Физичка, подперев дряблую щеку ладонью, мерно посапывает за столом. Иногда во сне она громко вздыхает, и тогда класс замирает, прислушиваясь к ее причмокиванию и глядя, как она поудобнее устраивает щеку на ладони.

До звонка мы тихонько, чтобы не разбудить, поднимаемся и, положив тетрадки на стол, бесшумно уходим из класса.

                     * * *

Январь. В школе холодно. Не топят. Мы у физички в подсобке. Свет выключен. В открытое окно торчит телескоп. К нему целая очередь. Физичка показывает кольца Сатурна.

Мы с Лерой забились в угол. Она дрожит, и я беру ее руку, тонкую, точно вырезанную из бумаги. Осторожно склоняюсь и дотрагиваюсь до нее, пахнущей ландышевым мылом, губами. Отогреваю дыханием. Сначала ладонь. Потом пальцы. Один за другим. Лера свободной рукой гладит мне волосы, робко и нежно, как никогда и никто не гладил до этого.
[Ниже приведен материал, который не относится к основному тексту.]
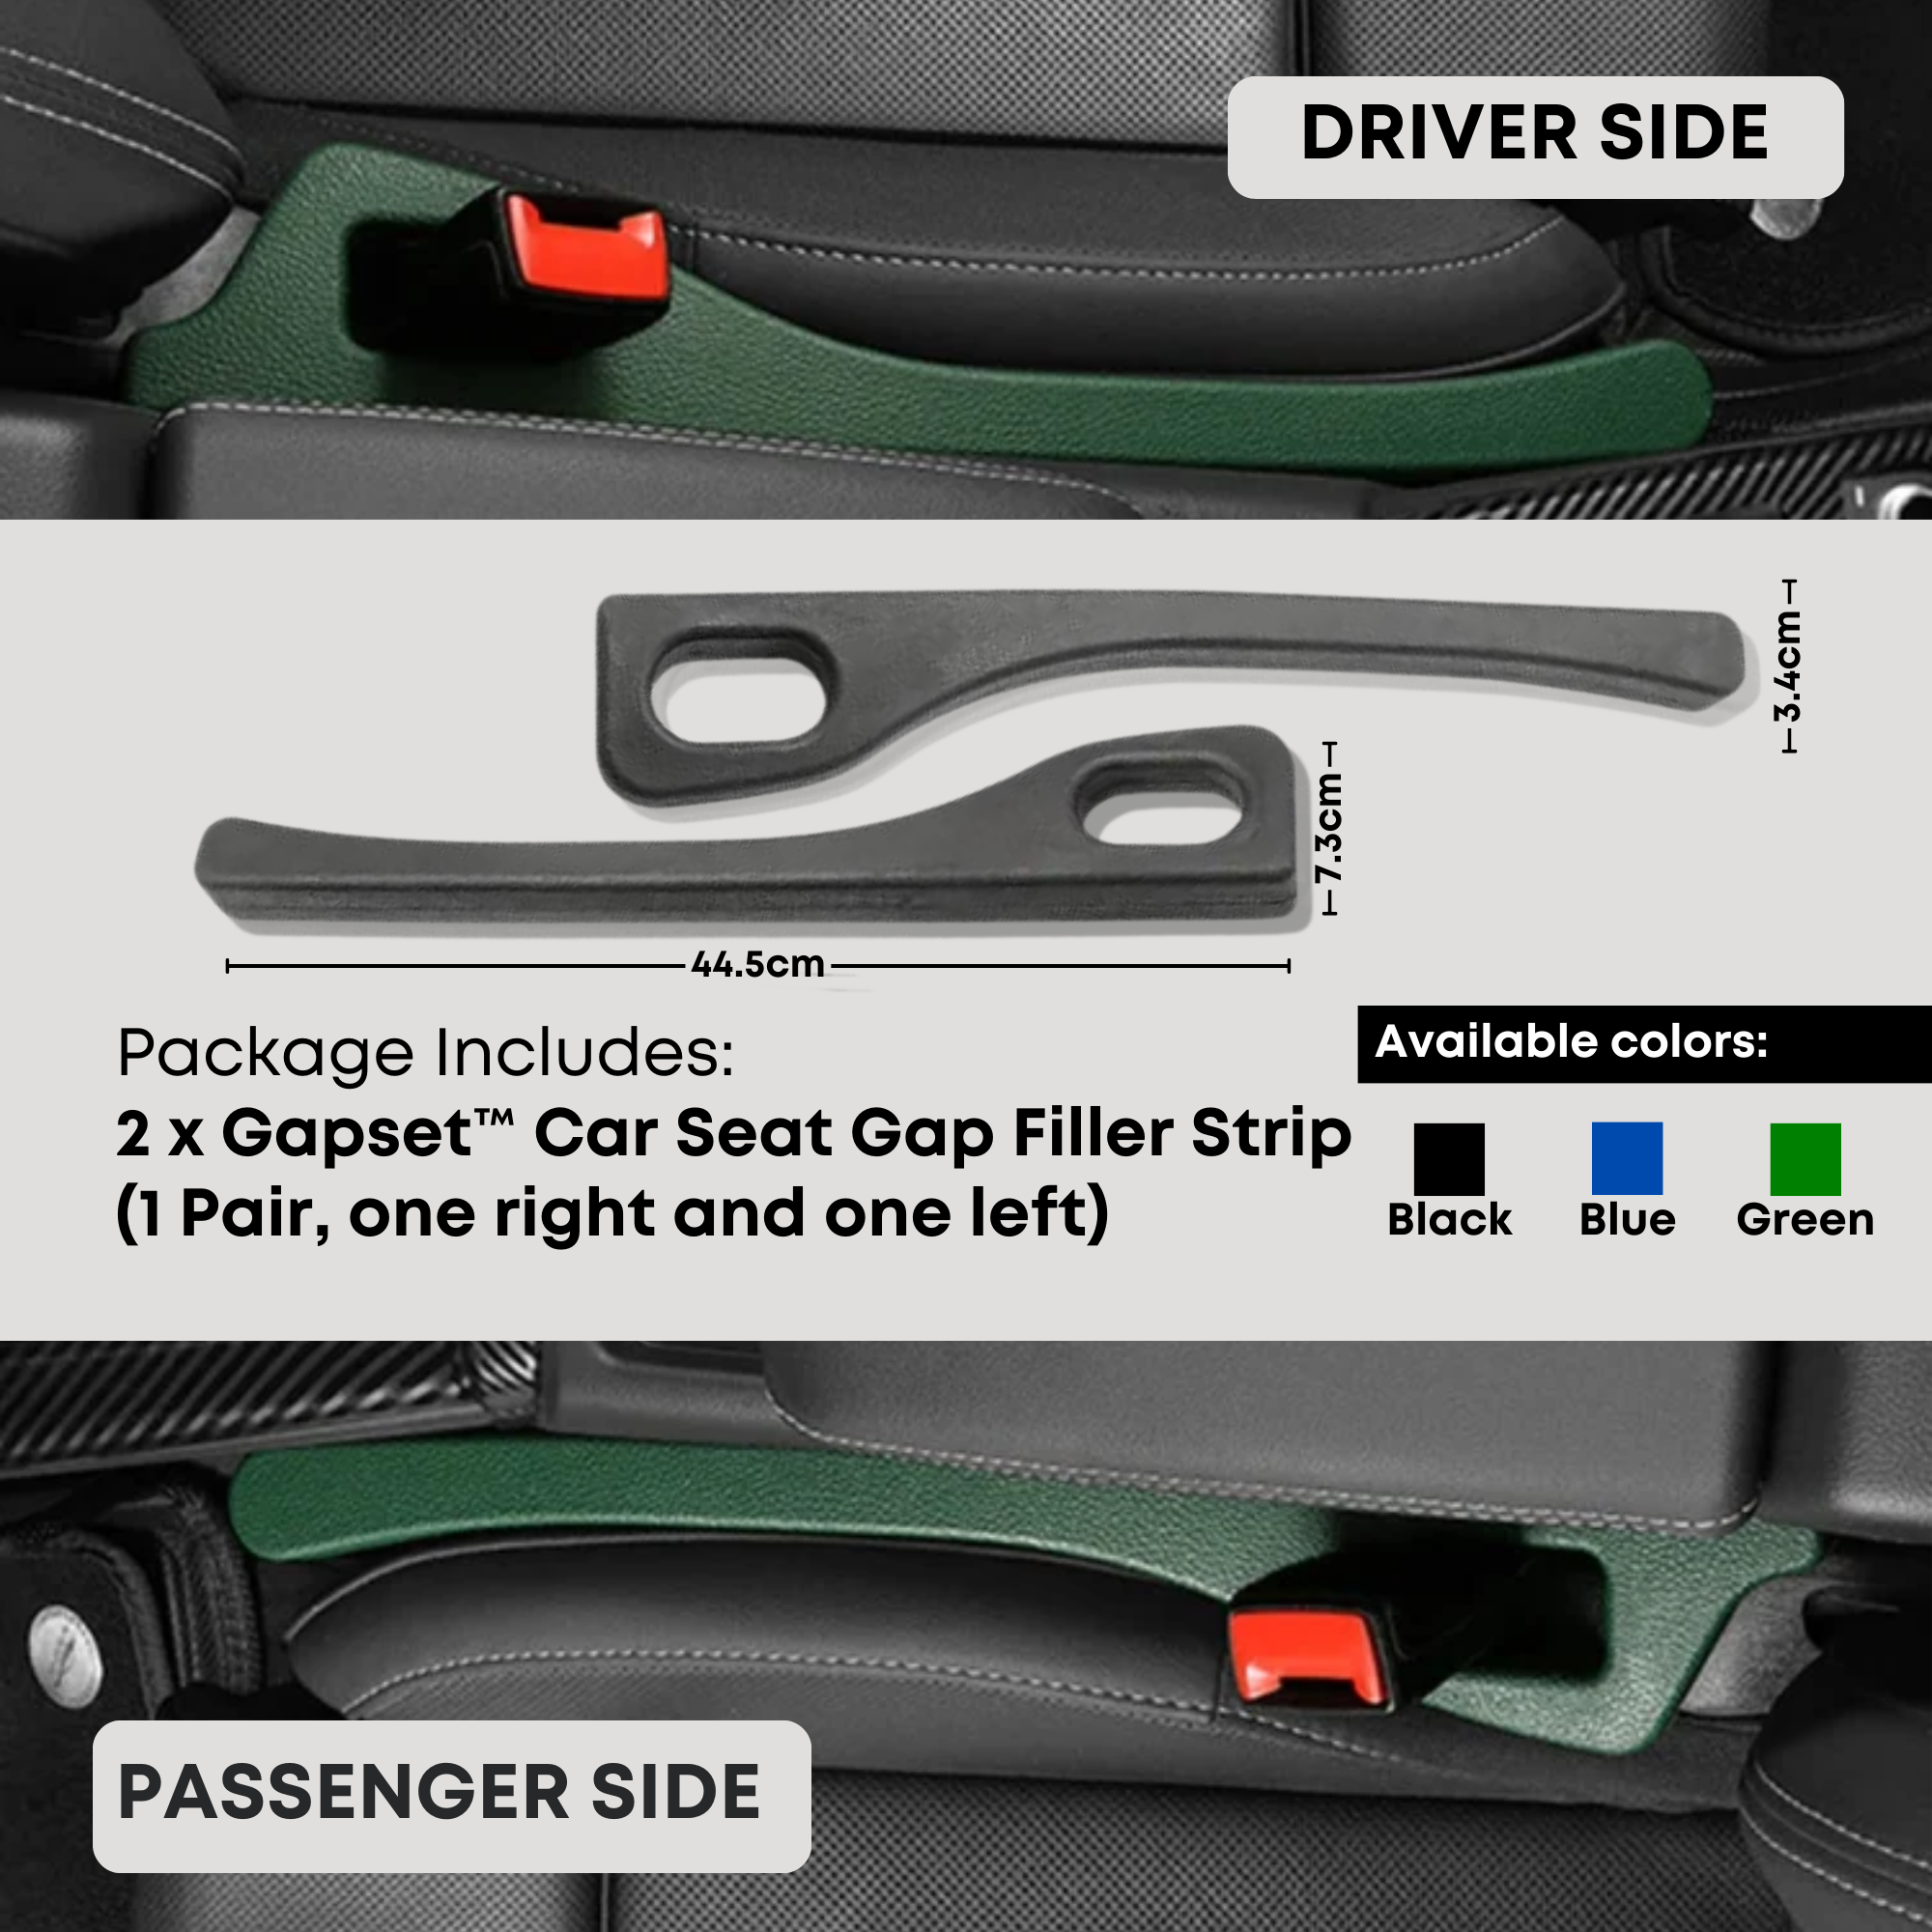 Gapset™ Car Seat Gap Filler Strip | BUY 1 GET 1 FREE (1 PAIR)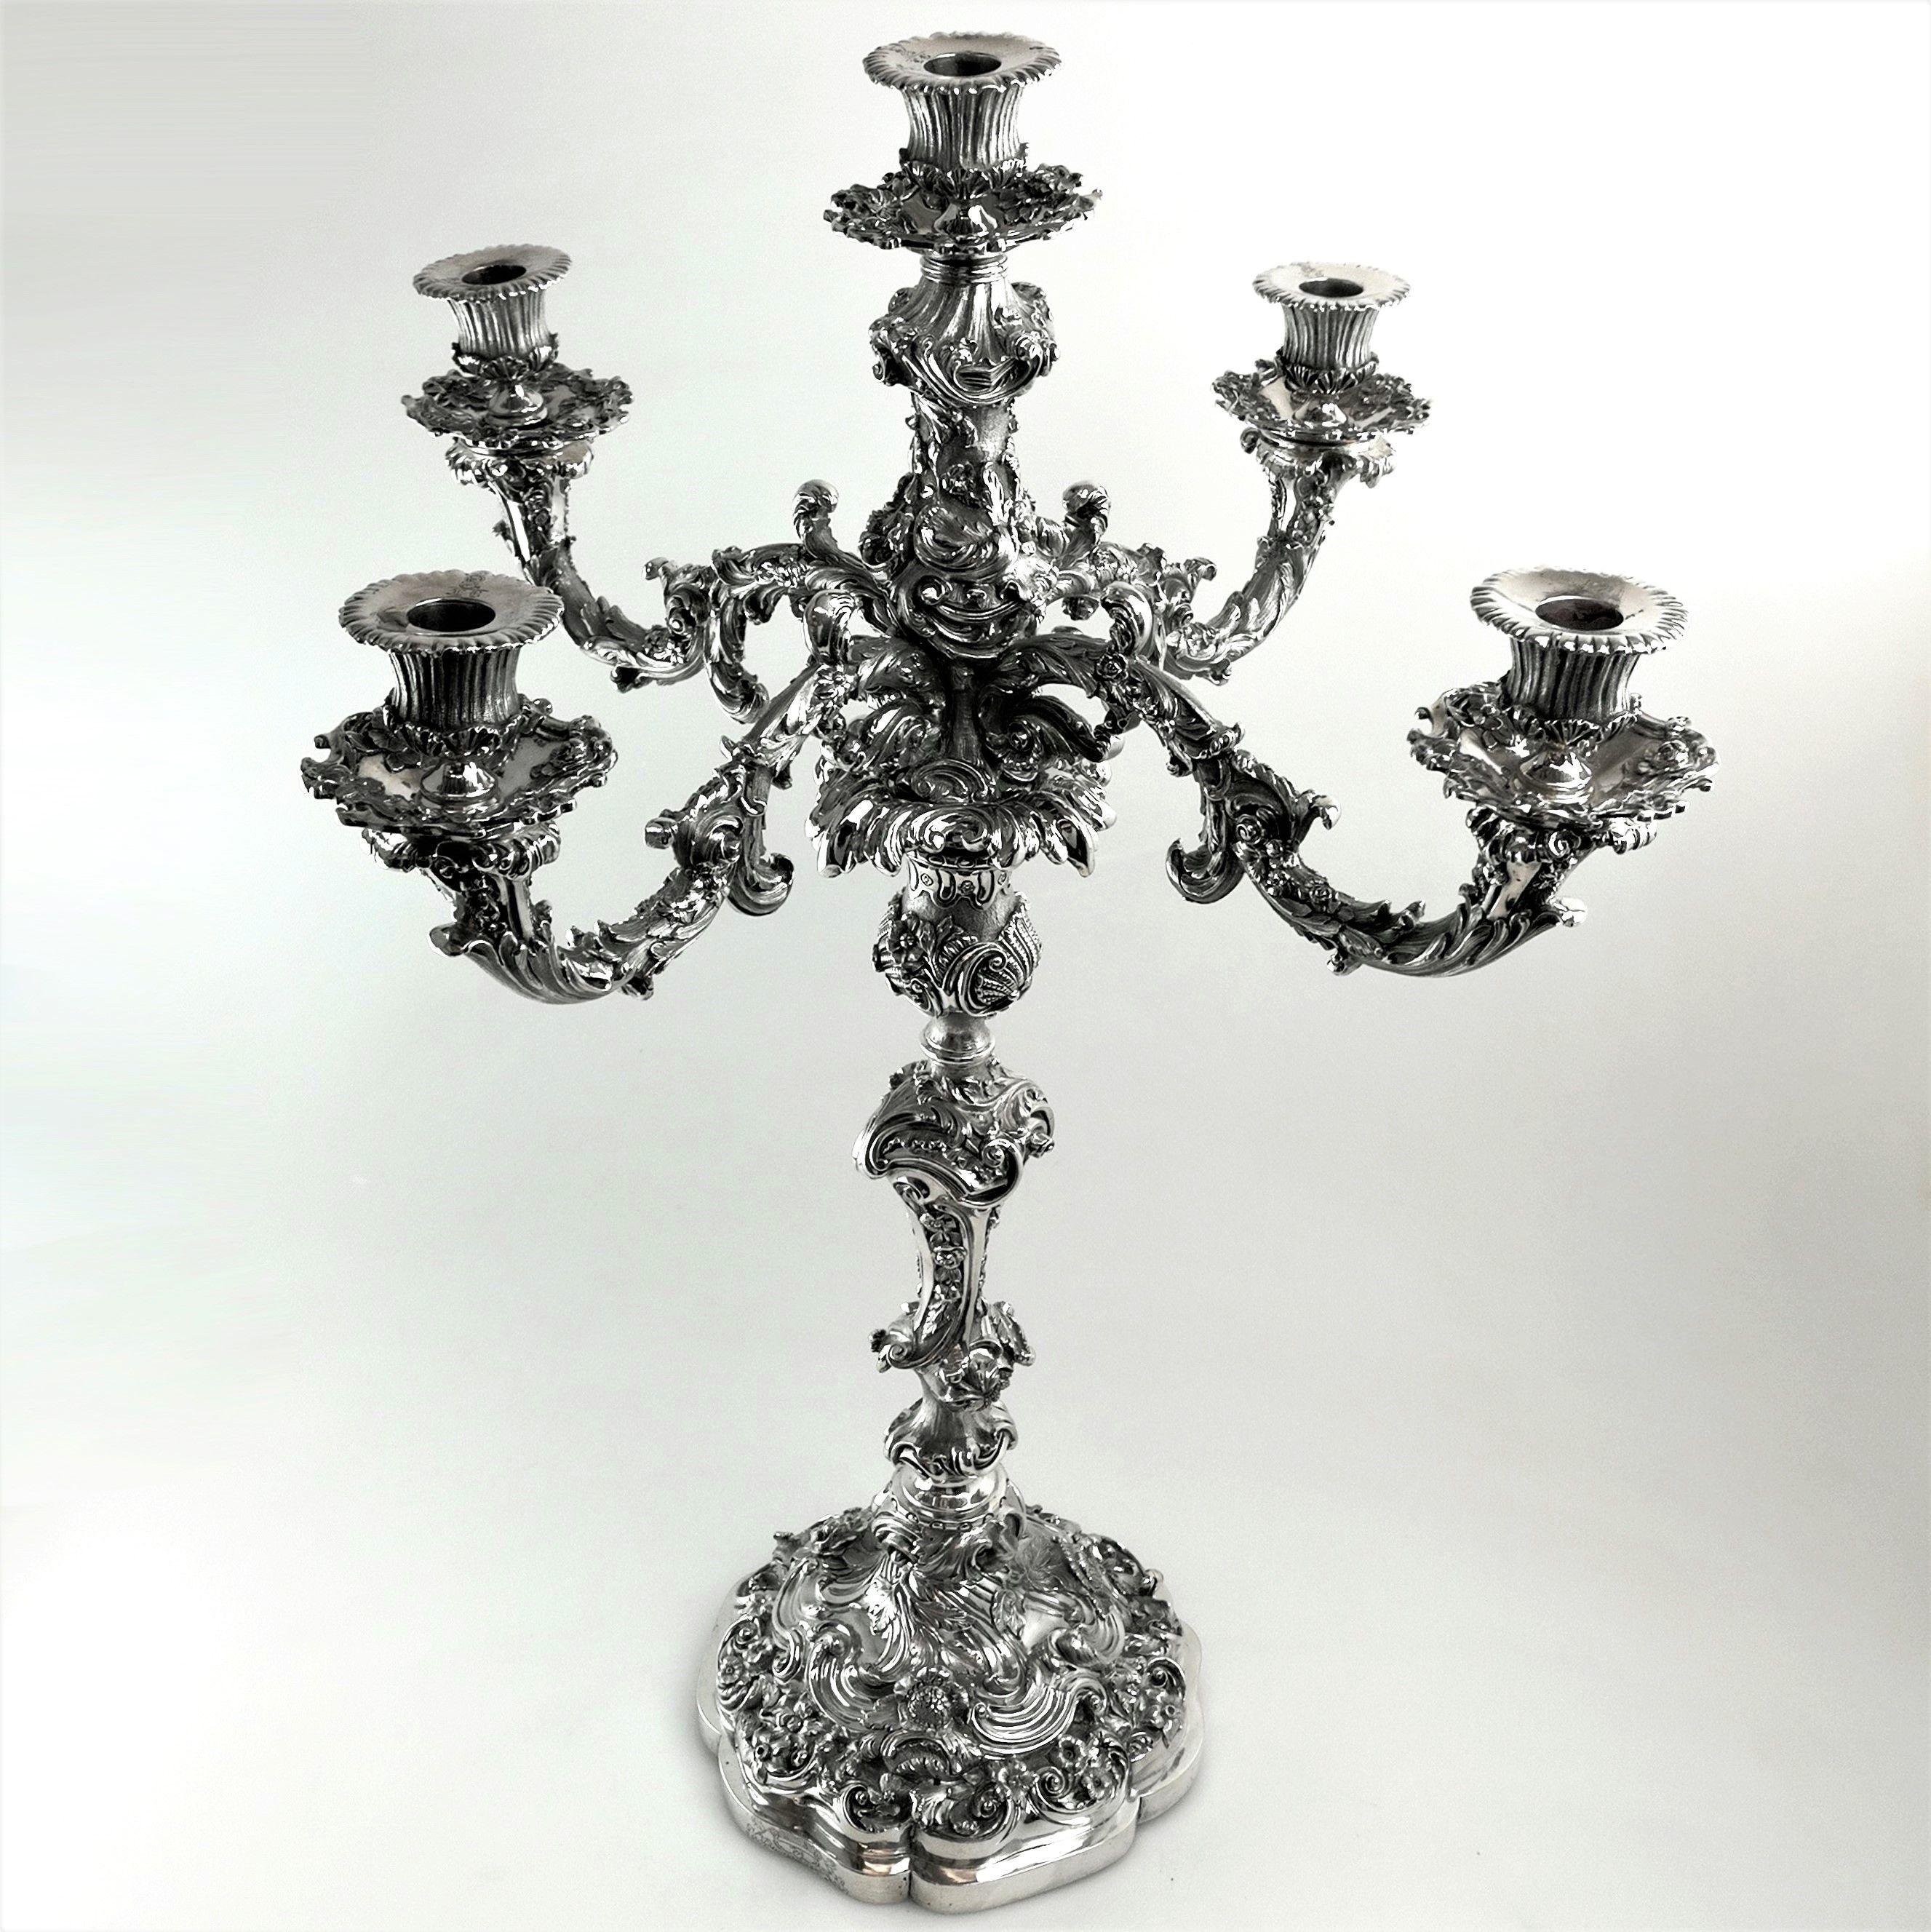 Ein prächtiger antiker viktorianischer Leuchter mit fünf Kerzen. Dieser Kandelaber hat eine beachtliche Größe und ein beträchtliches Gewicht. Der Kandelaber ist mit einem prächtigen Blumen-:: Blatt- und Schnörkelmuster verziert. Dieses Muster

                      * * *

Февраль. Звонок на урок. Топот ног, хлопанье дверей, цоканье учительских каблуков. А потом – тишина. Вязкая. Необычная.

Я спокойно докуриваю у окна в туалете. Знаю, что физичка еще не пришла. На перемене к ней забежал Ник Ник и сообщил, что во дворе ее ждет муж.

– Коля, – ответила она, – пусть идет на хер.

Так и сказала: «Коля… на хер».

– Ты с ума сошла, – закудахтал дирик. – Я без сметы работаю. Кто за ремонт заплатит?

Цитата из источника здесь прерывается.